GDPR requests to data deletion rarely end up cascading to delete all data associated with that user completely. GDPR allows for data to be preserved if the application requires it to comply with existing laws or contractual agreements. Data may be shared between multiple users, and deleting such data may be controled by these multiple users or a subset of them together. Finally, data essential to the application functionality may be blinded or anonymized, rather than deleted completely.

These scenarios differ from application to application, and must be encoded by developers as specification for how compliance is implemented. This project investigates developing a set of deletion primitives that can express these different diverse scenarios, drawing on inspiration from DELF's deletion policies. You may choose to integrate these policies into Pelton, a system for GDPR-compliance in web-application with simple deletion policies, or implement and evaluate them standalone.

Dory and Coeus allows users of a web application with many stored documents to search for and retrieve documents by keywords privately (i.e., without revealing their search query or retrieved document to the service). However, these systems rely on expensive cryptographics primitives (ORAMs, homomorphic crypto schemes) to maintain privacy.

An alternative design can make this functionality more efficient. Instead of relying on homomorphic encryption, the web application may be federated between multiple entities (e.g., Wikipedia and the EFF). Clients can submit their queries in secret shared form to both parties, such that each party has no information about the query separately but can perform the desired computation together.

This project focuses on implementing and measuring various iterations of multi-party algorithms and protocols for document search and retrieval. In addition to learning about novel cryptographic techniques and using state of the art cryptographic systems, this project will help you learn how cryptographic protocols are designed, optimized, and evaluated.

Wei et al. built and deployed a survey to study user perceptions of privacy and intrusiveness in online services, especially in the context of targeted advertising.
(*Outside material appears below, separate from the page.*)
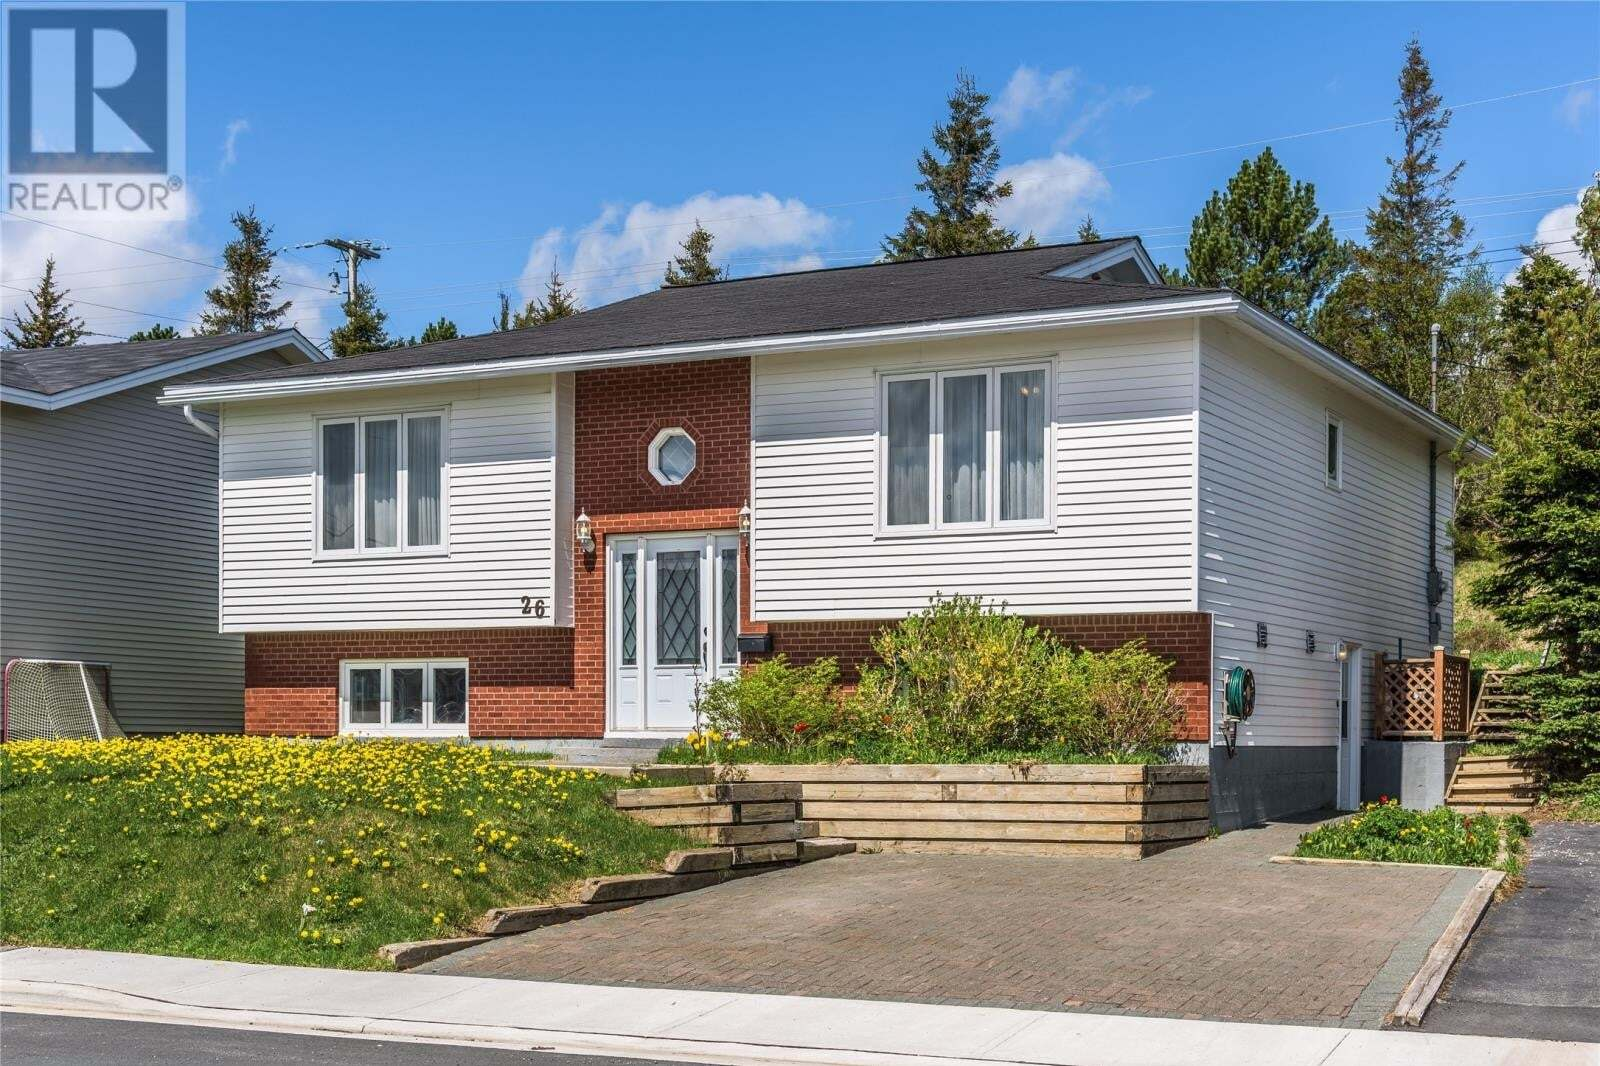 House for sale at 26 Bellevue Cres St. John's Newfoundland - MLS: 1214667

This survey relies on participants exercising their GDPR rights to download their data, and then uploading this data to the survey software.
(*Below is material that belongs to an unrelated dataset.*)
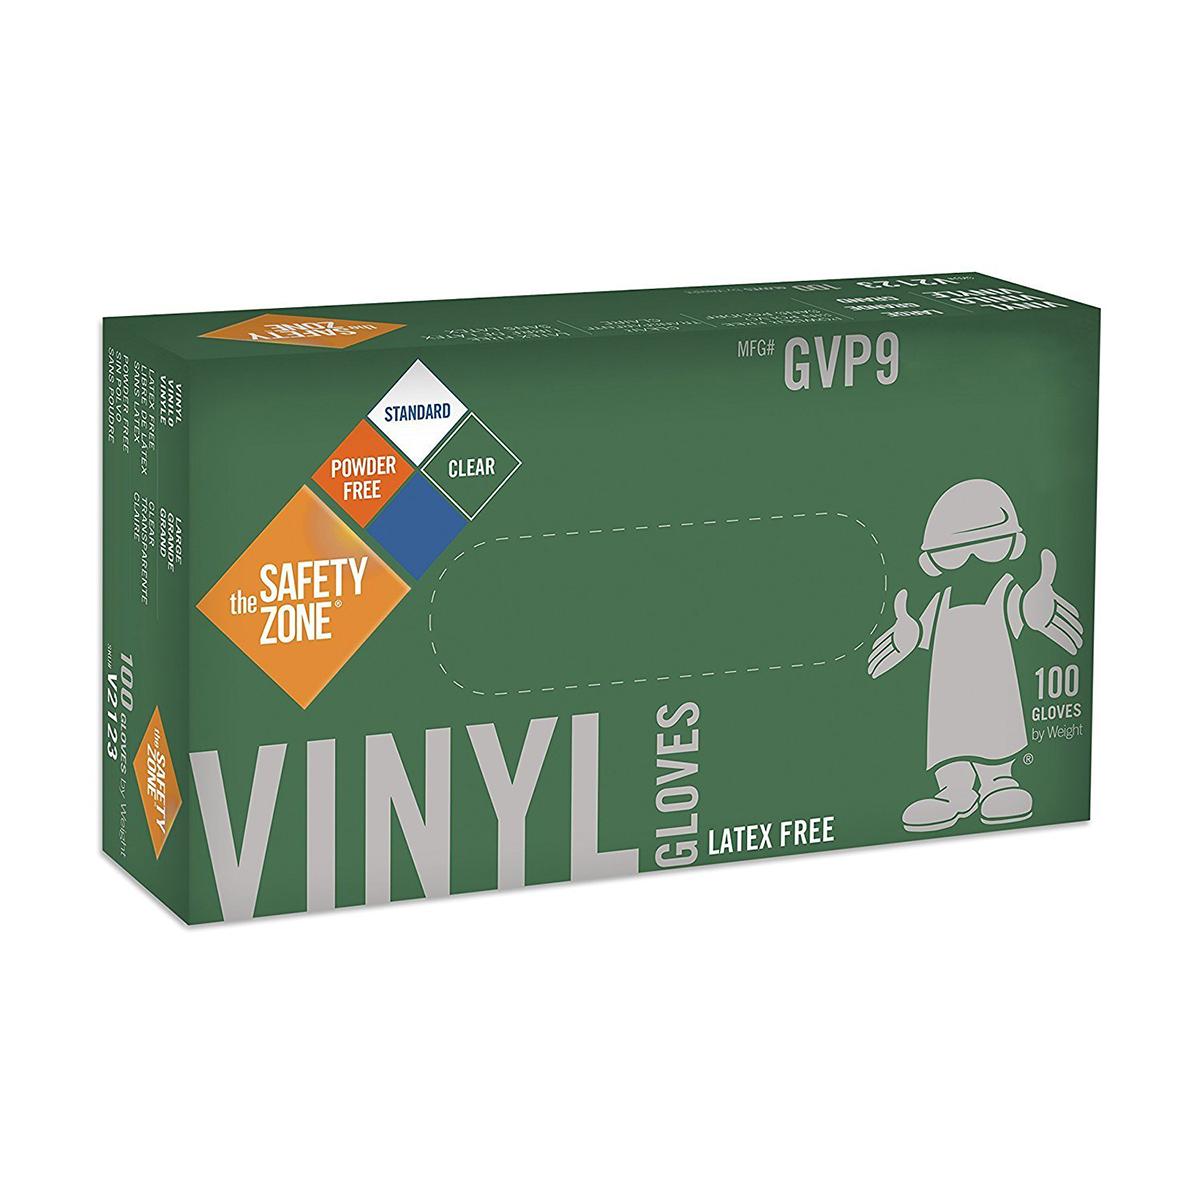 Safety Zone GVP9 Clear Vinyl Gloves, Large, 100/BX

This project focuses on analyzing data acquired using the same GDPR rights, in order to provide additional analysis of data practices of online services. You are welcome to come up with your own questions that you would like to answer via this analysis, provided that the course staff think they are reasonably scoped and appropriate to the class, or you can use one of the suggestions below.

The GDPR right to portability is one of the technically most challenging rights to implement, and one of the least stringently enforced rights in practice. This project studies how the spirit of this right may be realized in practice, so that users have an easy way of switching between competing similar services.
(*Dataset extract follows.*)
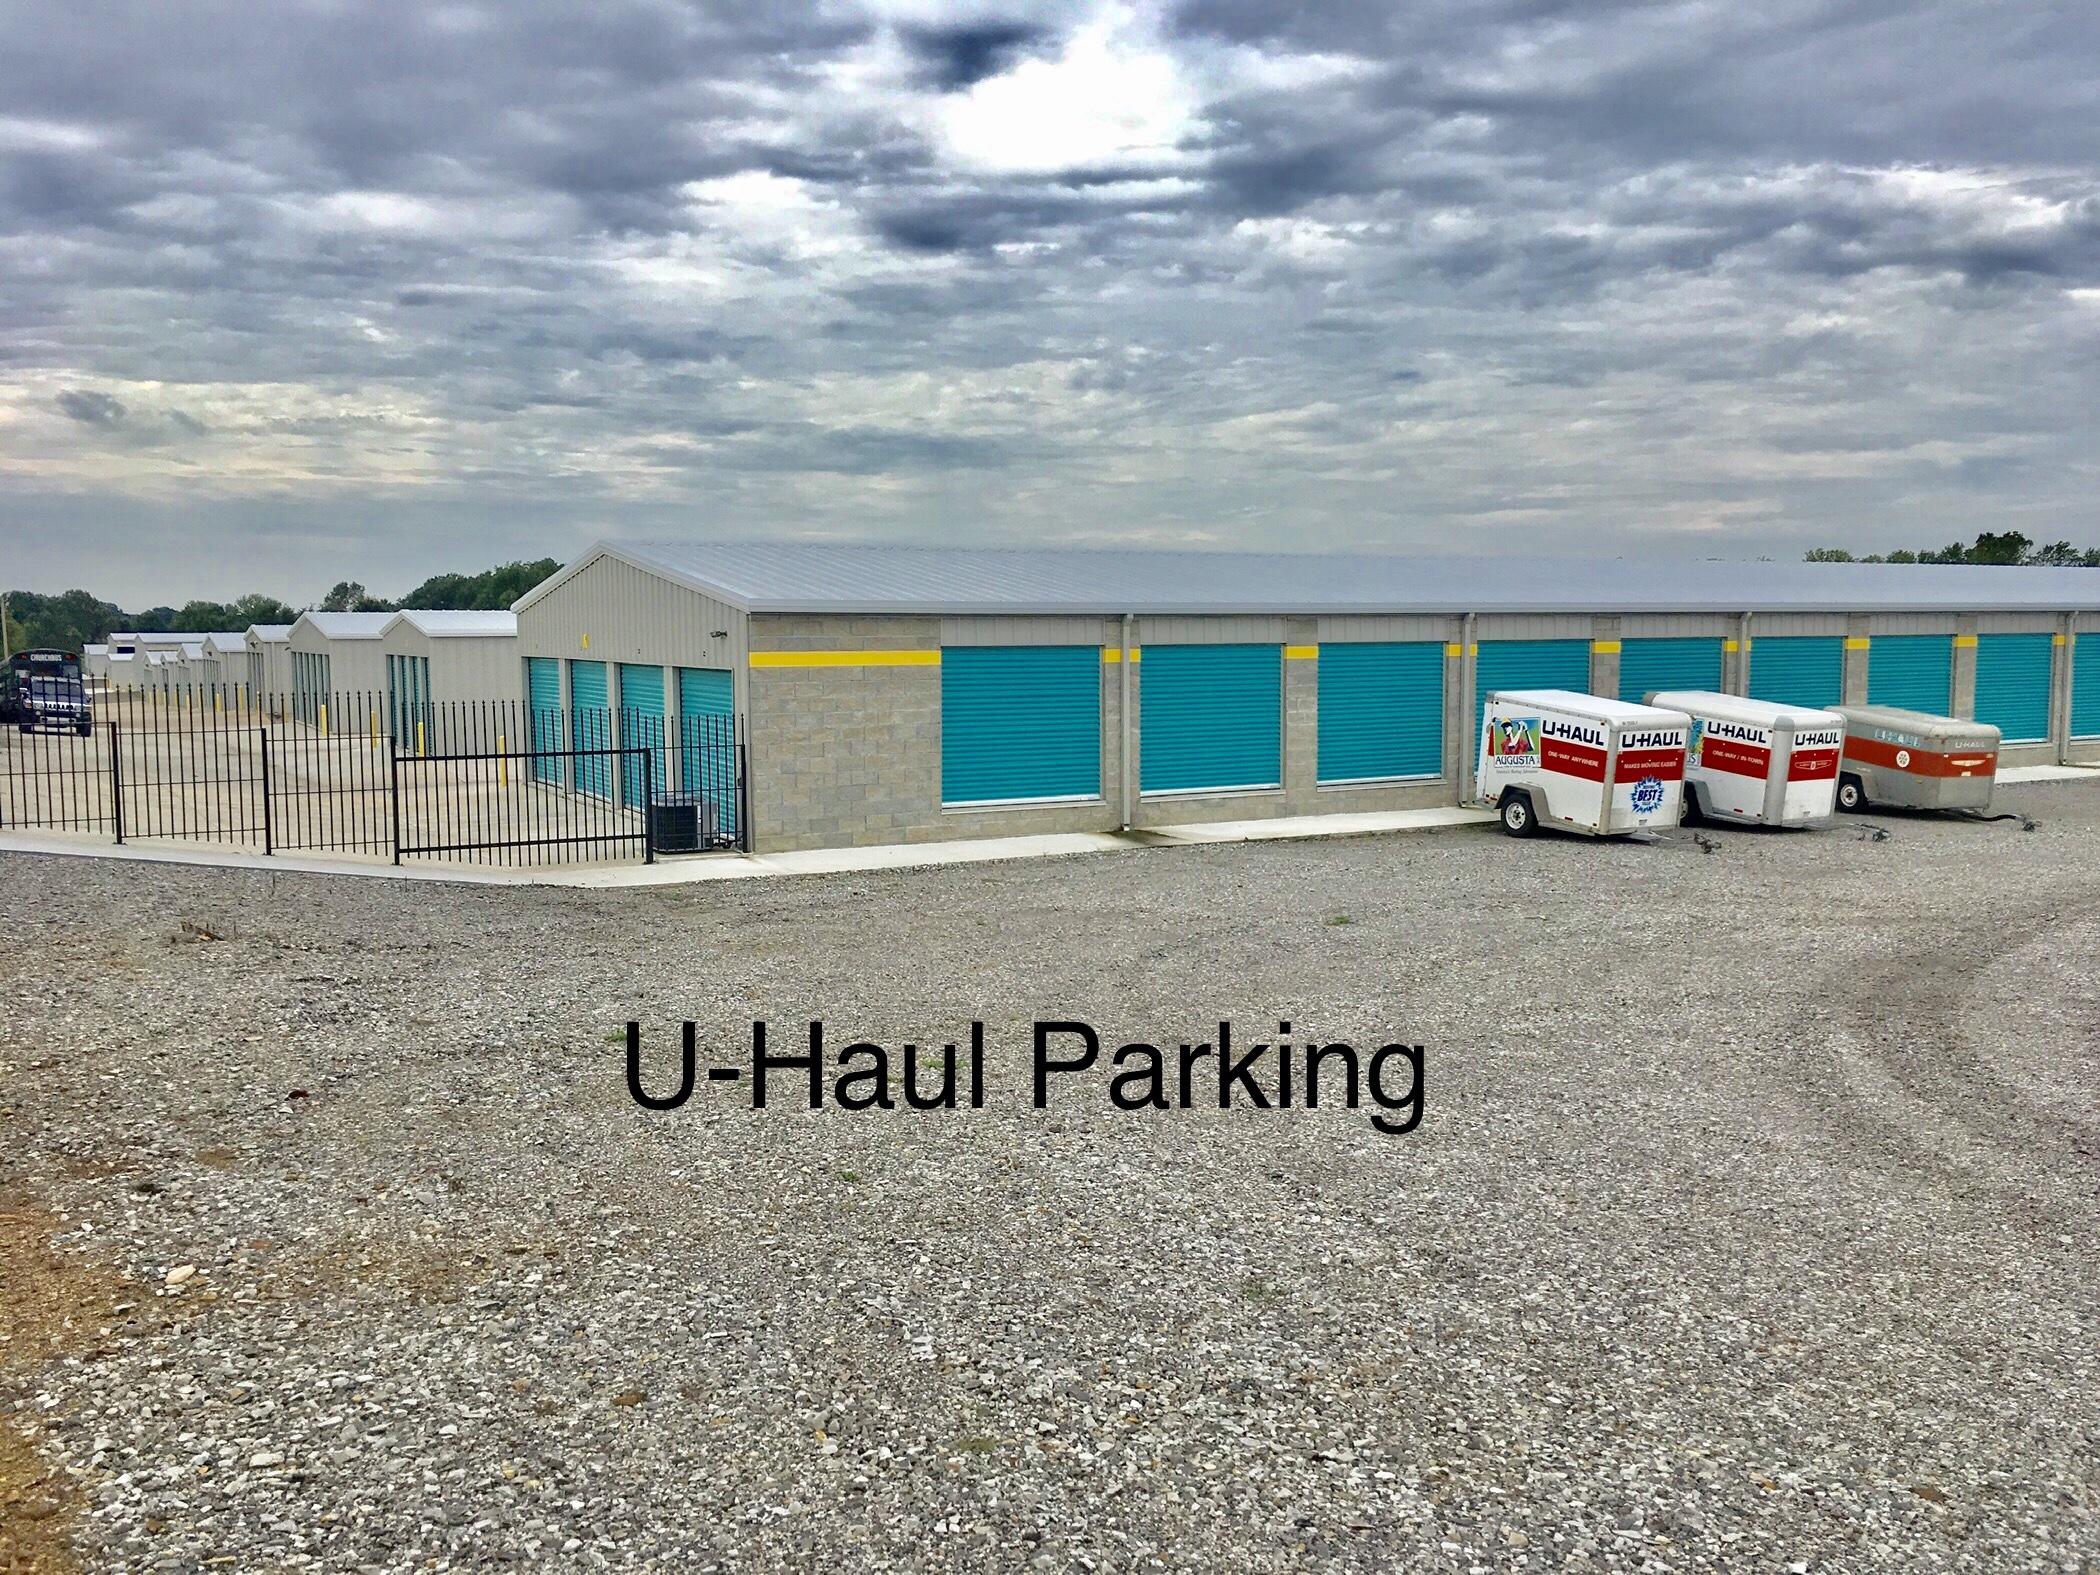 U-haul parking

You will need to implement a tool that consumes data that a user extracts from their existing account with the source service, and transform it into a format that can be imported into a similar target service, or provide that target service with this data directly via its API (if it exposes any). Additionally, this entails finding meaningful data translation or correspondance notions between these services (e.g. what is the Twitter equivalent of a Facebook event?).

There exists some third party tools that allow users to port their data between certain applications (e.g. Spotify to Youtube). You can use these tools as a high level reference to guide your design.

A variety of laws governing data privacy and protection have been enacted in different countries over recent years. Some of these laws are general-purpose and have broad applicability (e.g. GDPR, CCPA), while others are domain-specific (e.g. HIPAA, FERPA).

In this project, you will write a comparative analysis of 2-3 such laws. Your analysis may focus on differences in the scope of the laws, the rights or expectations of privacy that it sets, as well as the technical consequences they may have on computer systems and common applications. In particular, you may focus on how some of the techniques or papers that we see throughout the course can be used to comply with these different laws.